In a way, similar to Bell Labs story - an incredibly successful corporate innovation lab.
Well, the history of aviation is fun - but what about re- / de-industrialisation, government and private efficiency, and from a book published 30 years ago?
It’d be a shorter note, as most of it still covers a history of Aircraft, spy missions, and intrigue of Cold War.
But also, in between the lines during the book and directly in the whole chapter, the author tries to discuss the future ahead, and it’s incredible genre to find the sources aged well.
As an innovation story, it talks about how in a decade the US went from 40+ new aircraft models employed in 50s, to I think 7 in 80s and perhaps 1-3 in later decades later. It’s a ‘where’s my flying car with a militaristic angle’.

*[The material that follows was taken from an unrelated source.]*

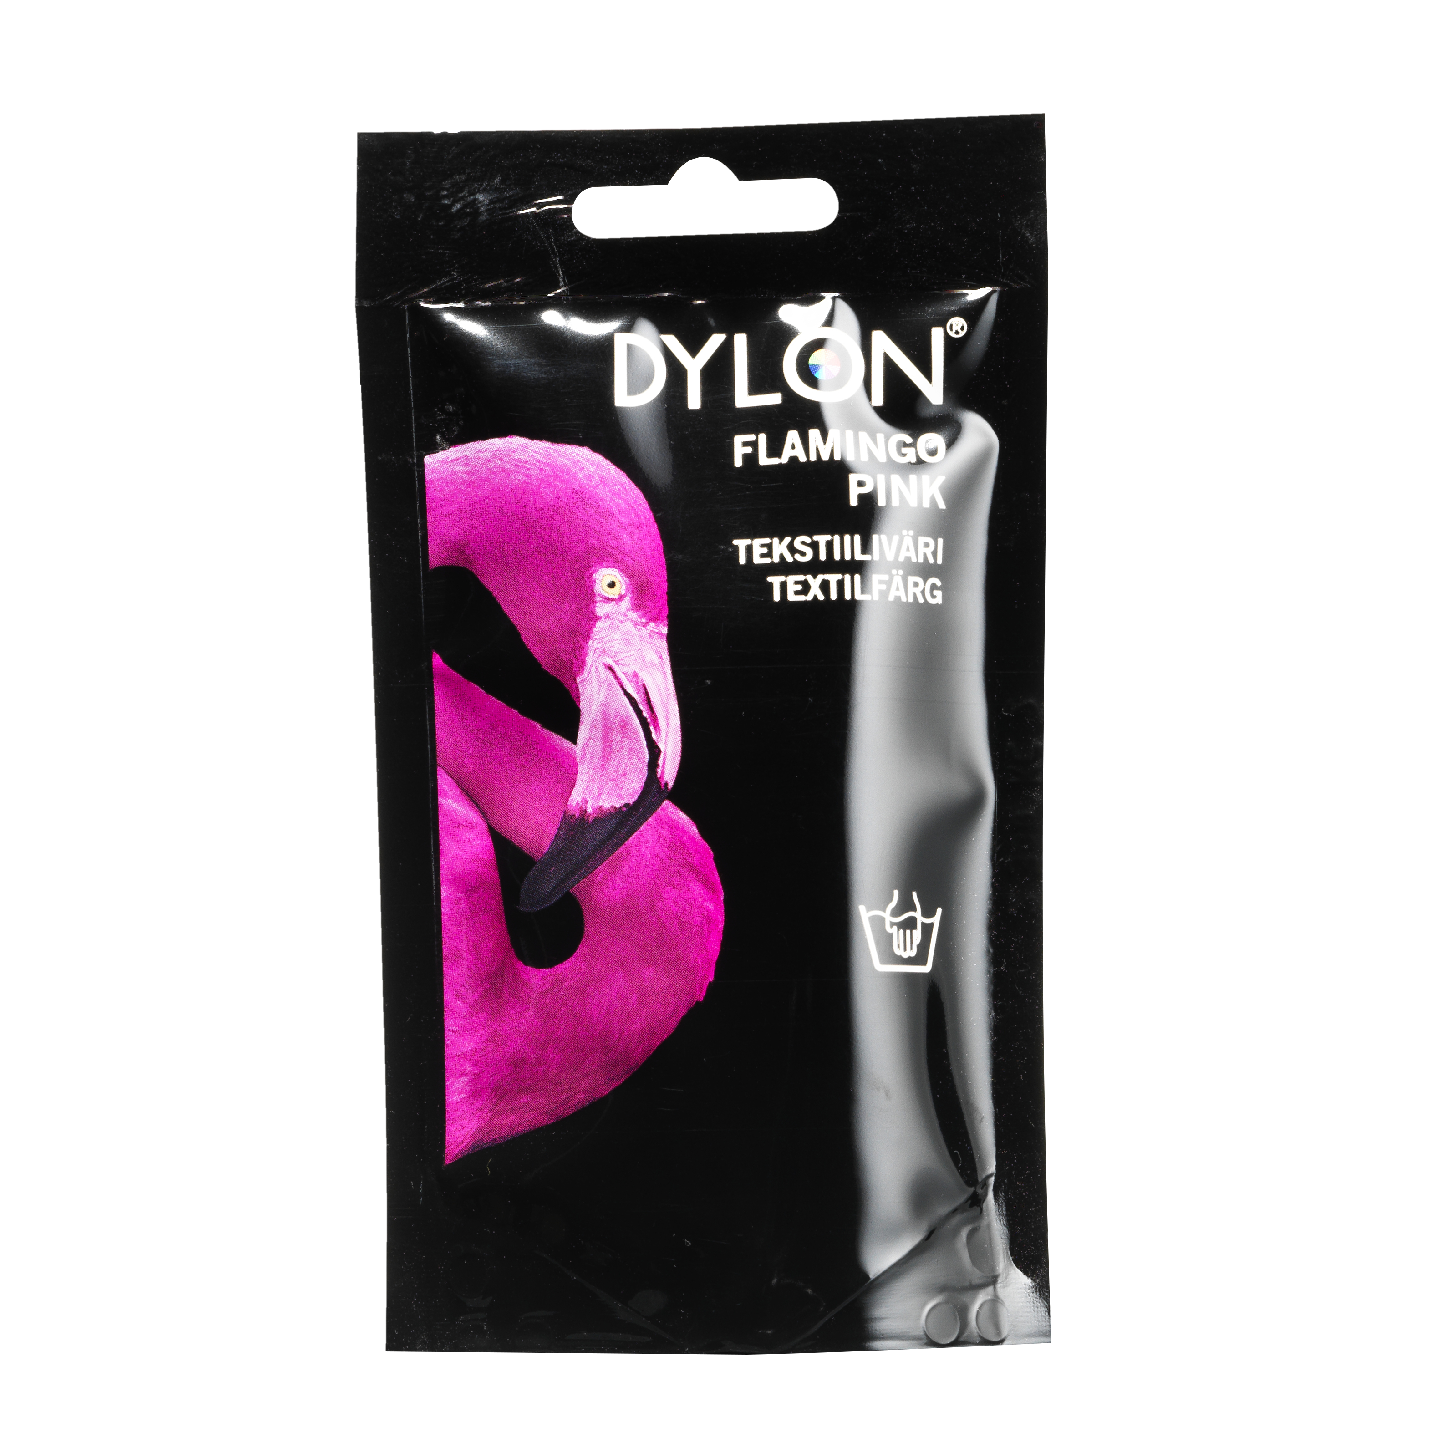 Dylon 50g Flamingo Pink 29 tekstiiliväri käsinpesu
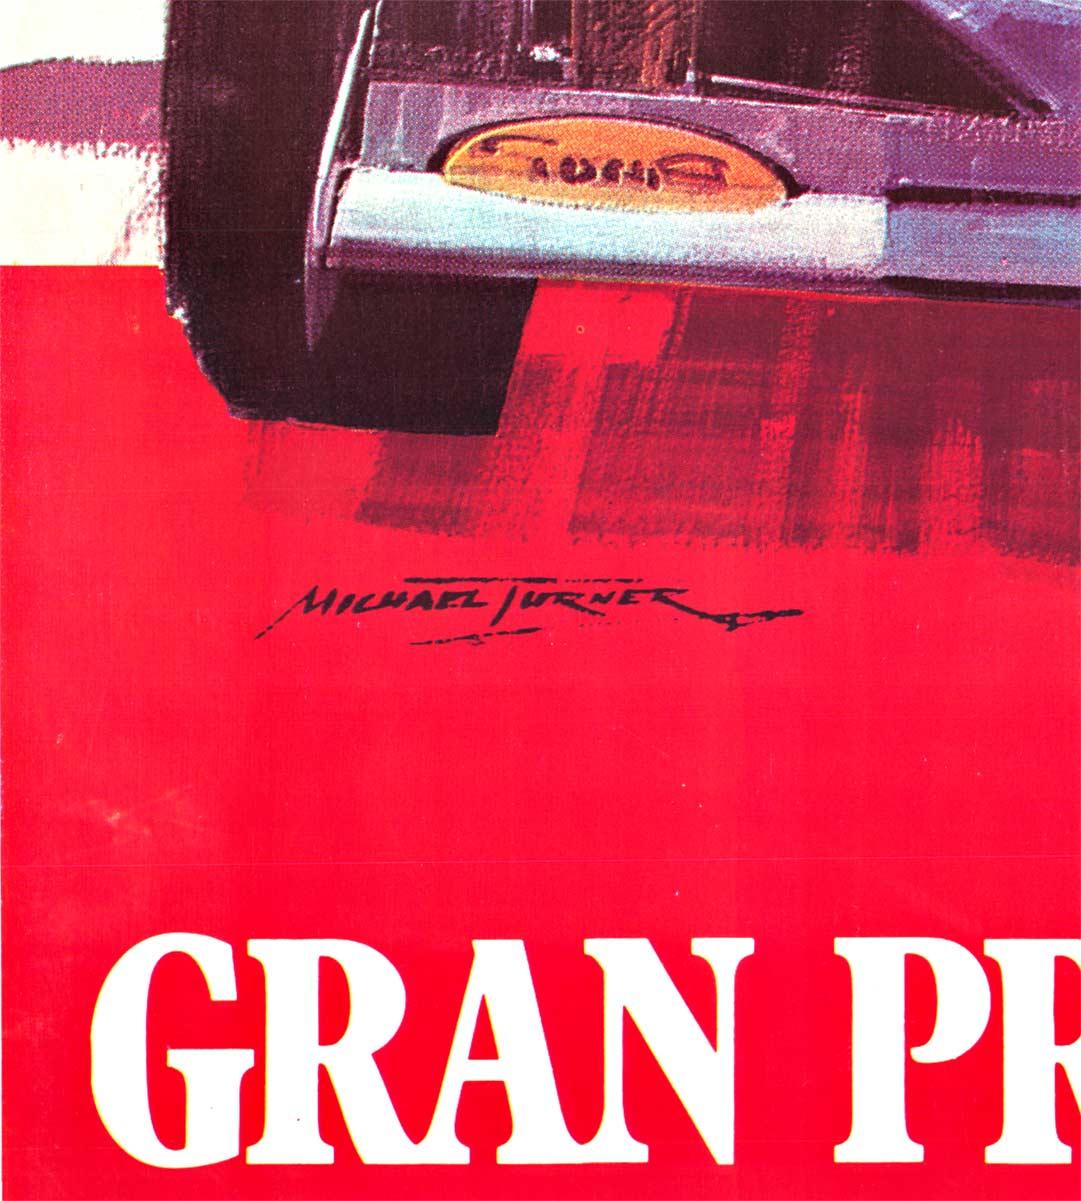 Original XXII Gran Premiio de Espana vintage racing poster, Formula 1 - Print by Michael Turner

As a bureaucracy story, it shows super-interesting accounts on how the administrative workforce grows, i.e., thousands of DOD auditors larger in size than some federal departments. How the same engine production is 30% (it’s 80-90s, It’s hard to imagine the multiplier now) more expensive in the same facility due to the tons (literally) of procedural documentation to be filled, and even more so, hundreds (!) of onsite auditors looking over every step on-site (that’s a separate account).
After reading, one thing that wasn’t mentioned is an actual lost industry, in an unobvious way - how many suppliers moved components manufacturing overseas due to the terribly inflated costs (and likely oversight). Unironically, seems like the unintended consequences of better grip over the government spending simply moved the critical chunks of industry away while still keeping most of the overhead administrative costs.
That’s quite a change to contemplate unwinding back.